--- Supplied material ---

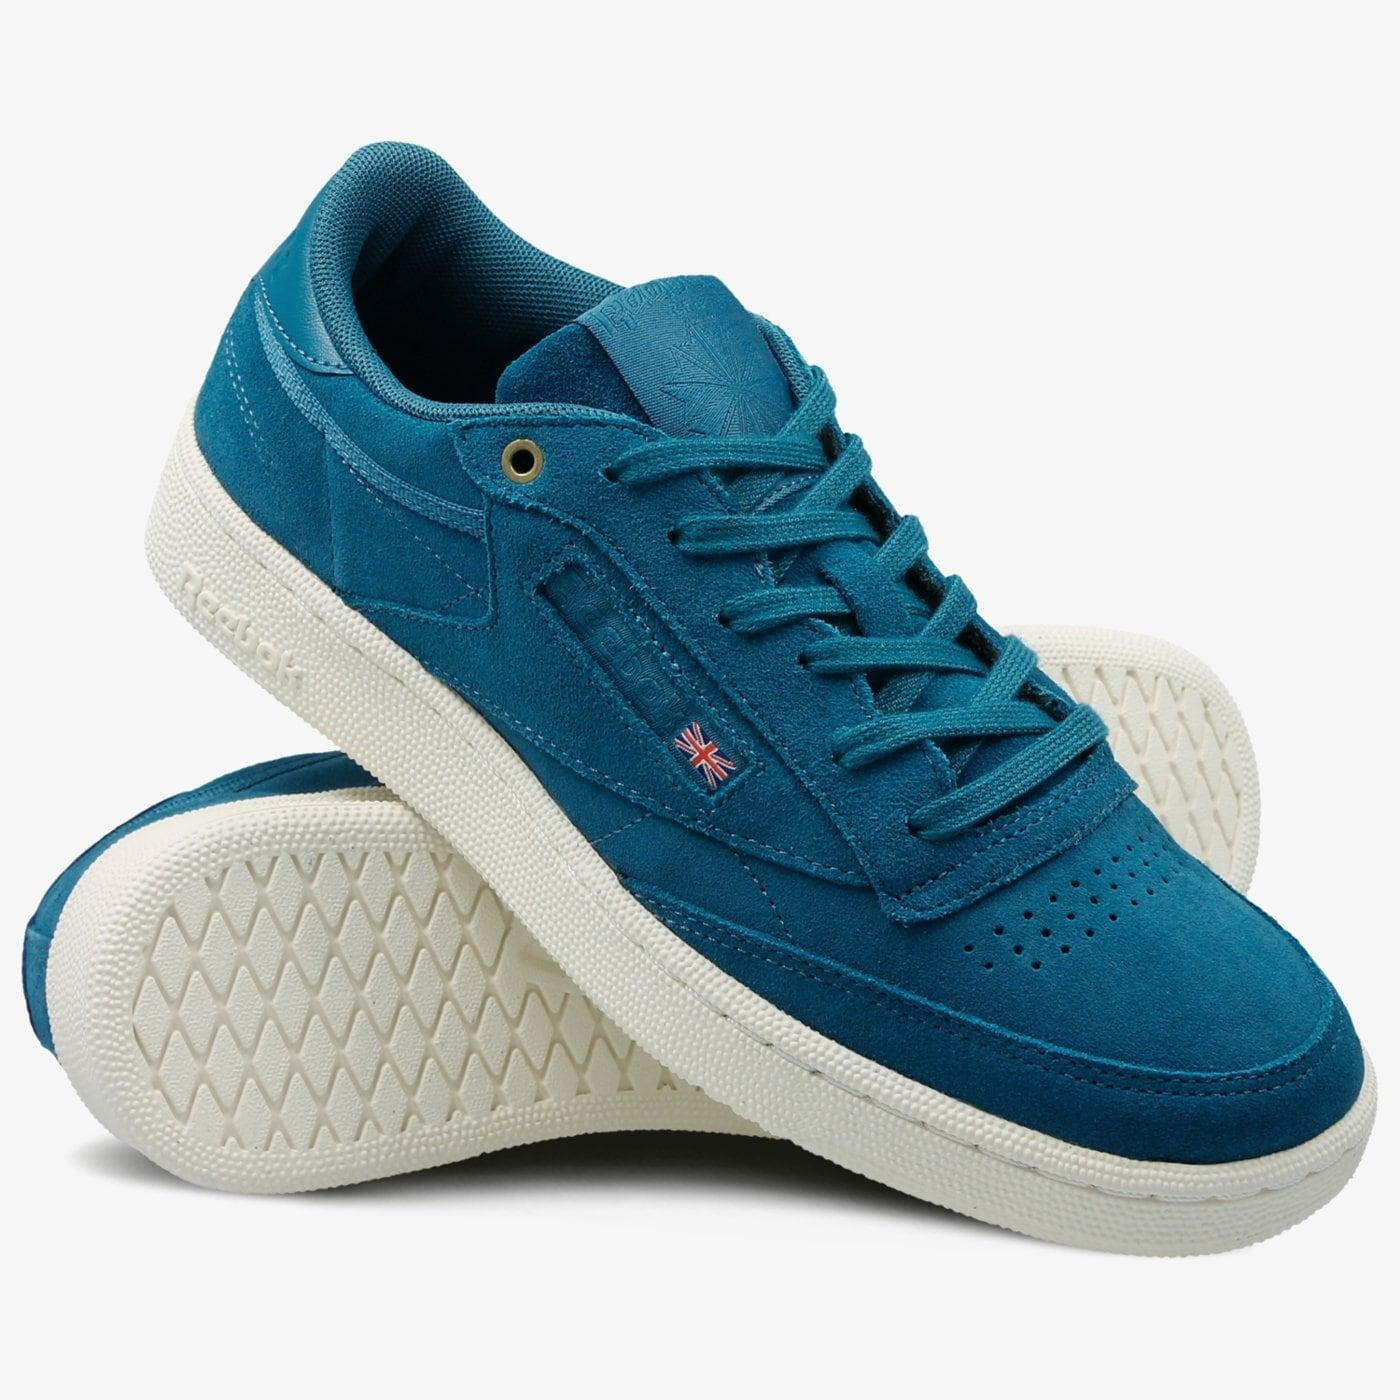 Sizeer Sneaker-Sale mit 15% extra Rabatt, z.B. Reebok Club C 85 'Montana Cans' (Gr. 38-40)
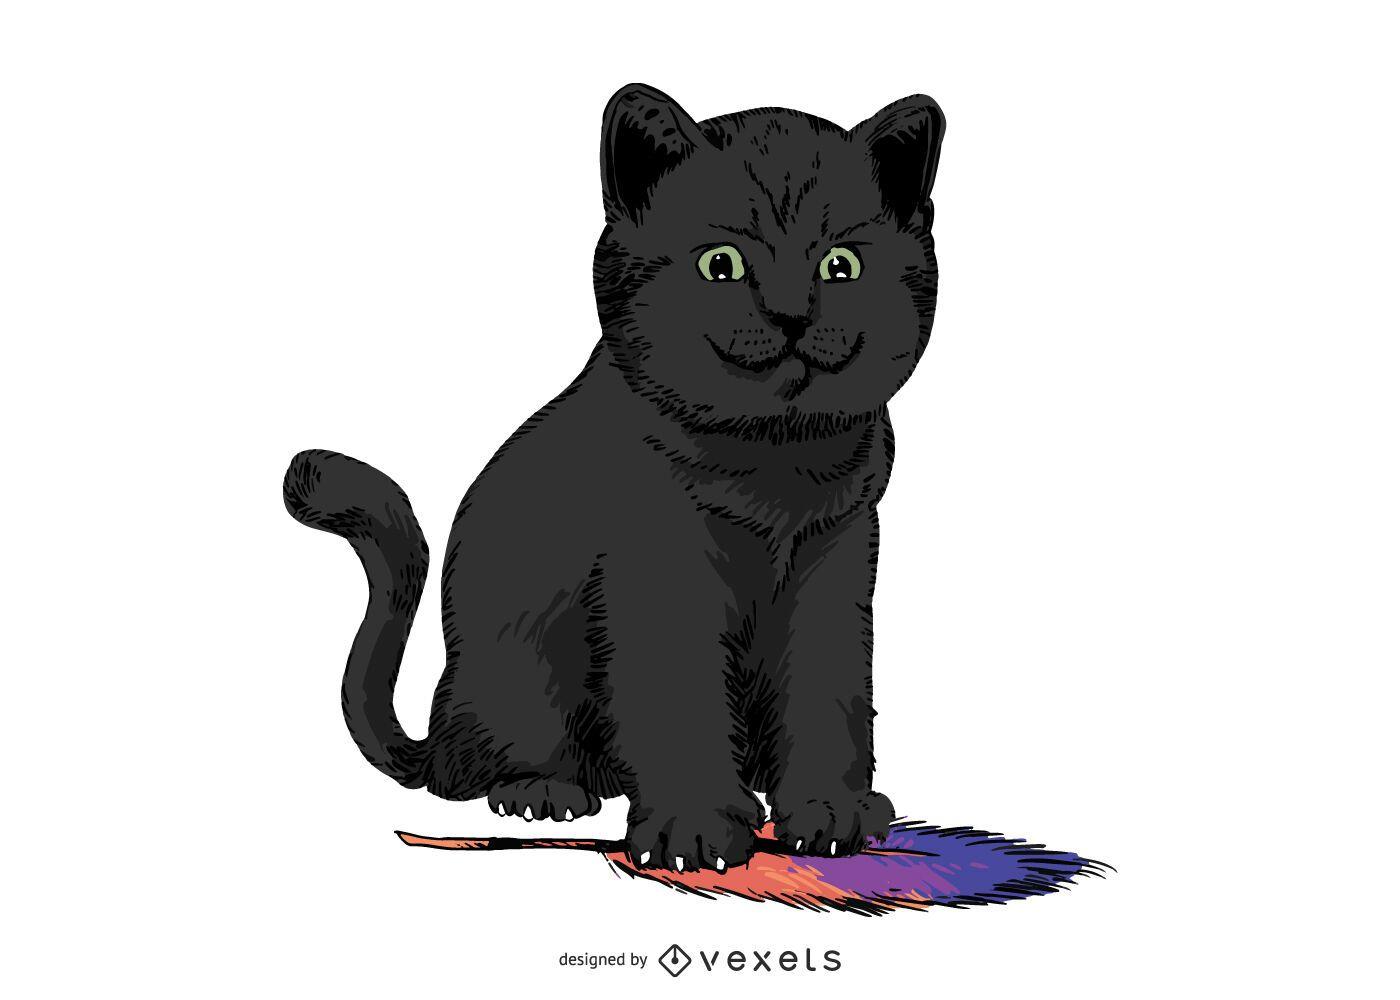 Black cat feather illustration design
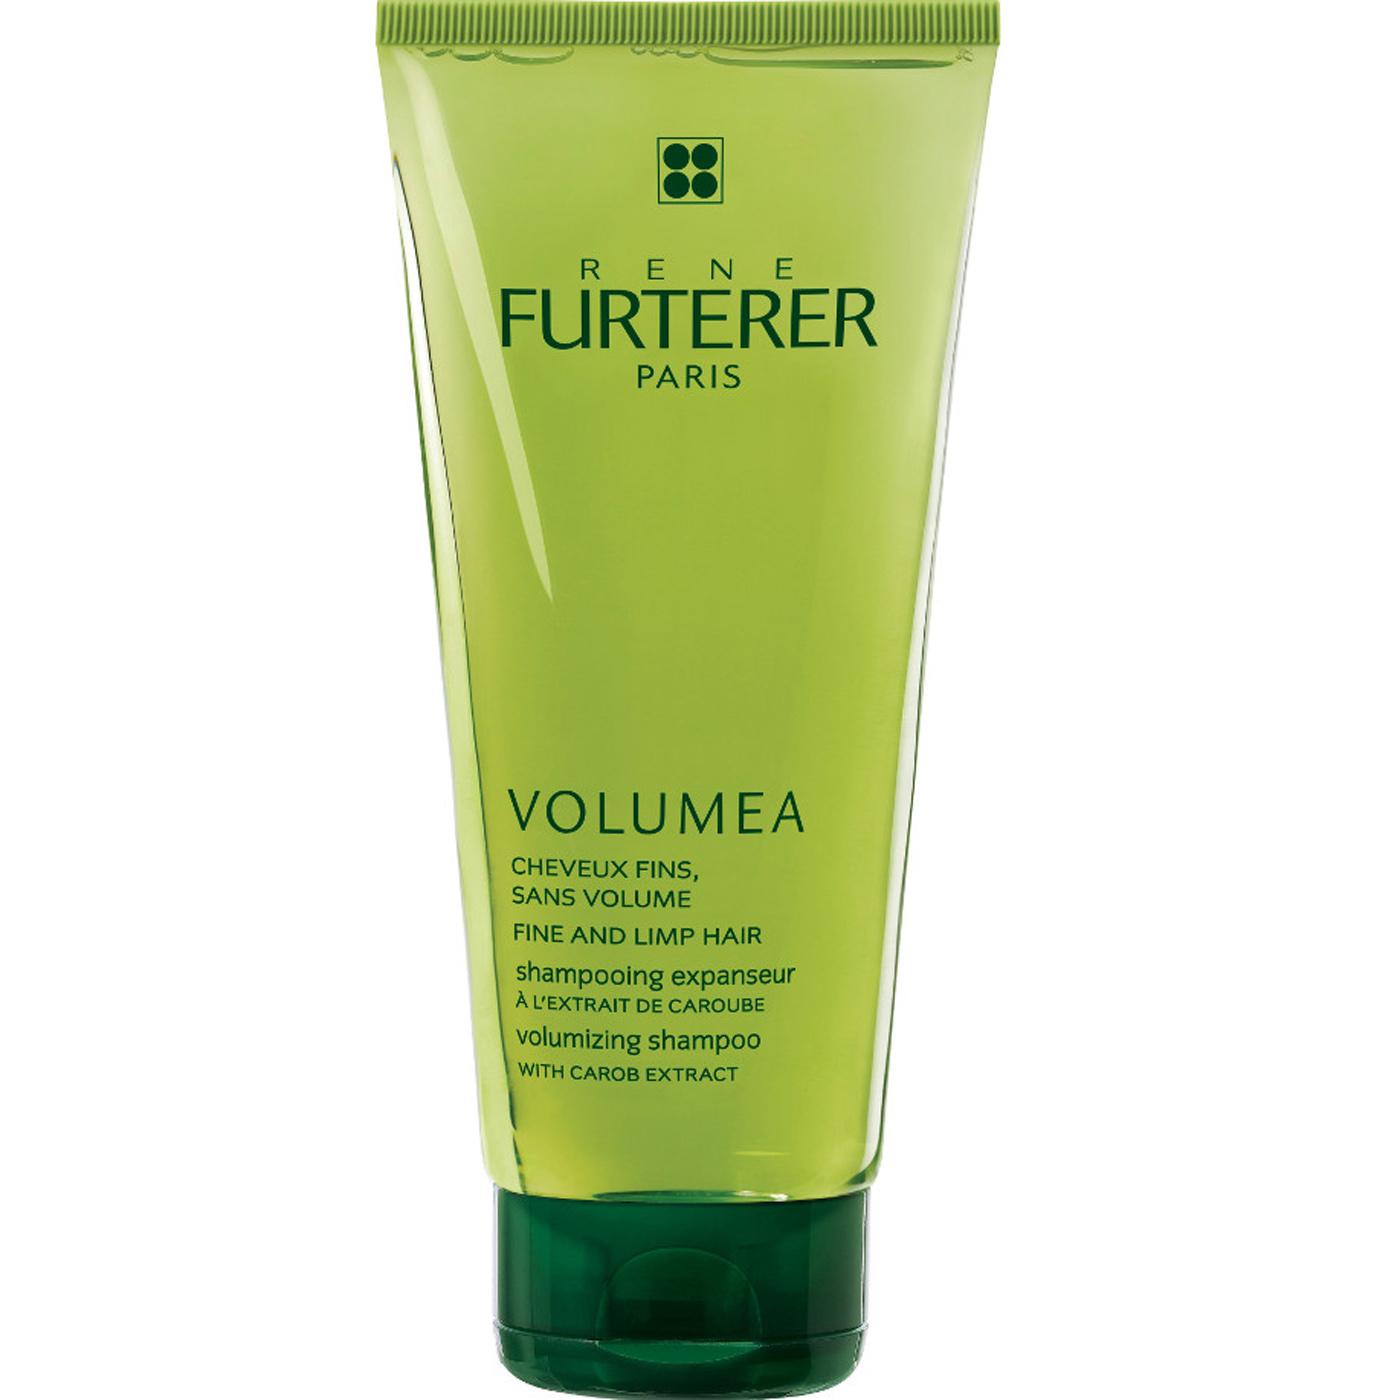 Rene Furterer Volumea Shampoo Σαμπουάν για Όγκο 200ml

--- Brief ---
An exact copy of the whole listing is required, minus the pictures.

--- Written solution ---
 Sizeer Sneaker-Sale mit 15% extra Rabatt, z.B. Reebok Club C 85 'Montana Cans' (Gr. 38-40)
 Black cat feather illustration design
 Rene Furterer Volumea Shampoo Σαμπουάν για Όγκο 200ml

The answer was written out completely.